Contact: Brad Sperber, Senior Mediator, The Keystone Center (202)-452-1593  
Email: research.integrity@keystone.org

WASHINGTON, D.C. (September 18, 2012) – Scientists and policy experts from industry, government, and nonprofit sectors reached consensus on ways to improve the rigor and transparency of regulatory decision-making in a report being released today. The Research Integrity Roundtable, a cross-sector working group convened and facilitated by The Keystone Center, an independent public policy organization, is releasing the new report to improve the scientific analysis and independent expert reviews which underpin many important regulatory decisions. The report, Model Practices and Procedures for Improving the Use of Science in Regulatory Decision-Making, builds on the work of the Bipartisan Policy Center (BPC) in its 2009 report Science for Policy Project: Improving the Use of Science in Regulatory Policy.

"Americans need to have confidence in a U.S. regulatory system that encourages rational, science-based decision-making," said Mike Walls, Vice President of Regulatory and Technical Affairs for the American Chemistry Council (ACC), one of the sponsors of the Keystone Roundtable. "For this report, a broad spectrum of stakeholders came together to identify and help resolve some of the more troubling inconsistencies and roadblocks at the intersection of science and regulatory policy."

Controversies surrounding a regulatory decision often arise over the composition and transparency of scientific advisory panels and the scientific analysis used to support such decisions. The Roundtable's report is the product of 18 months of deliberations among experts from advocacy groups, professional associations and industry, as well as liaisons from several key Federal agencies. The report centers on two main public policy challenges that lead to controversy in the regulatory process: appointments of scientific experts, and the conduct of systematic scientific reviews.

The Roundtable's recommendations aim to improve the selection process for scientists on federal advisory panels and the scientific analysis used to draw conclusions that inform policy. The report seeks to maximize transparency and objectivity at every step in the regulatory decision-making process by informing the formation of scientific advisory committees and use of systematic reviews. The Roundtable's report offers specific recommendations for improving expert panel selection by better addressing potential conflicts of interest and bias. In addition, the report recommends ways to improve systematic reviews of scientific studies by outlining a step-by-step process, and by calling for clearer criteria to determine the relevance and credibility of studies.

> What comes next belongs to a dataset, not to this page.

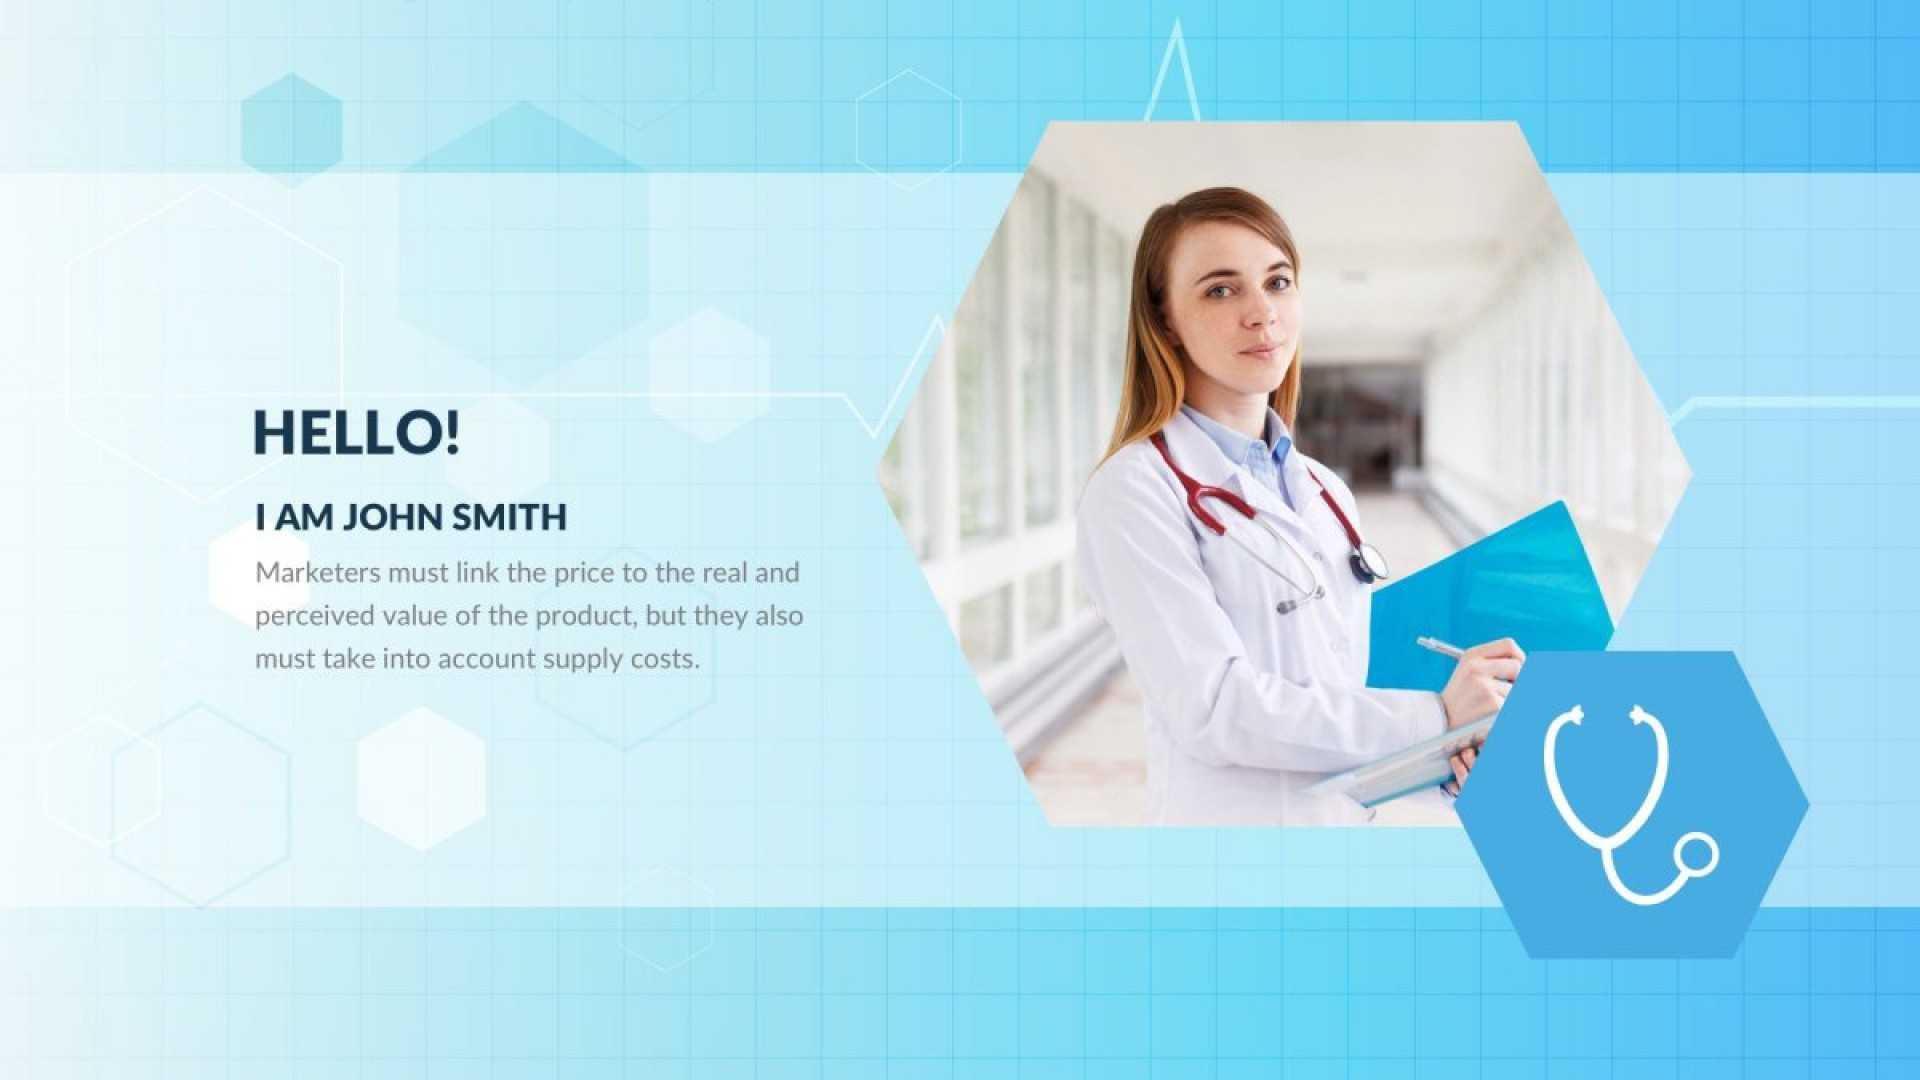 004 Template Ideas Free Nursing Powerpoint Templates Alpha Within Free Nursing Powerpoint Templates
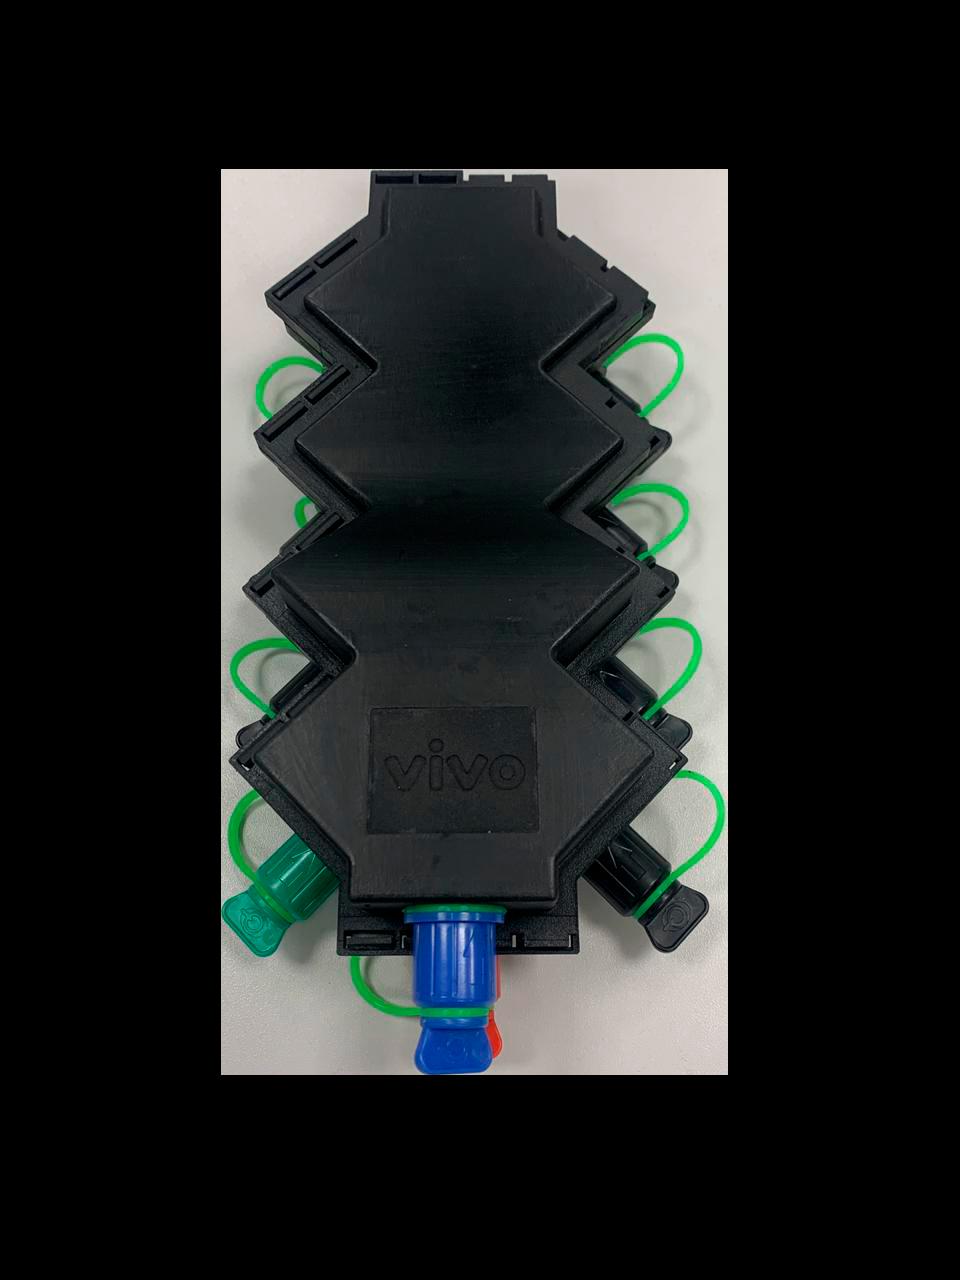 Caixa de Distribuição Óptica Externa Pré Conectorizada Selada - CDOE-PS

"Conflicted experts and poor scientific assessments threaten the scientific integrity of agency decision making as well as the public's faith in agencies to protect their health and safety," said Francesca Grifo, Senior Scientist and Science Policy Fellow for the Union of Concerned Scientists. "Given the abundance of inflamed partisan dialogue around regulatory issues, it was refreshing to be a part of a rational and respectful roundtable. If adopted by agencies, the changes recommended in the report have the potential to reduce the ability of narrow interests to weaken regulations' power to protect the public good."

The Keystone Center and members of the Research Integrity Roundtable welcome additional conversations and dialogue on the matters explored in and recommendations presented in this report.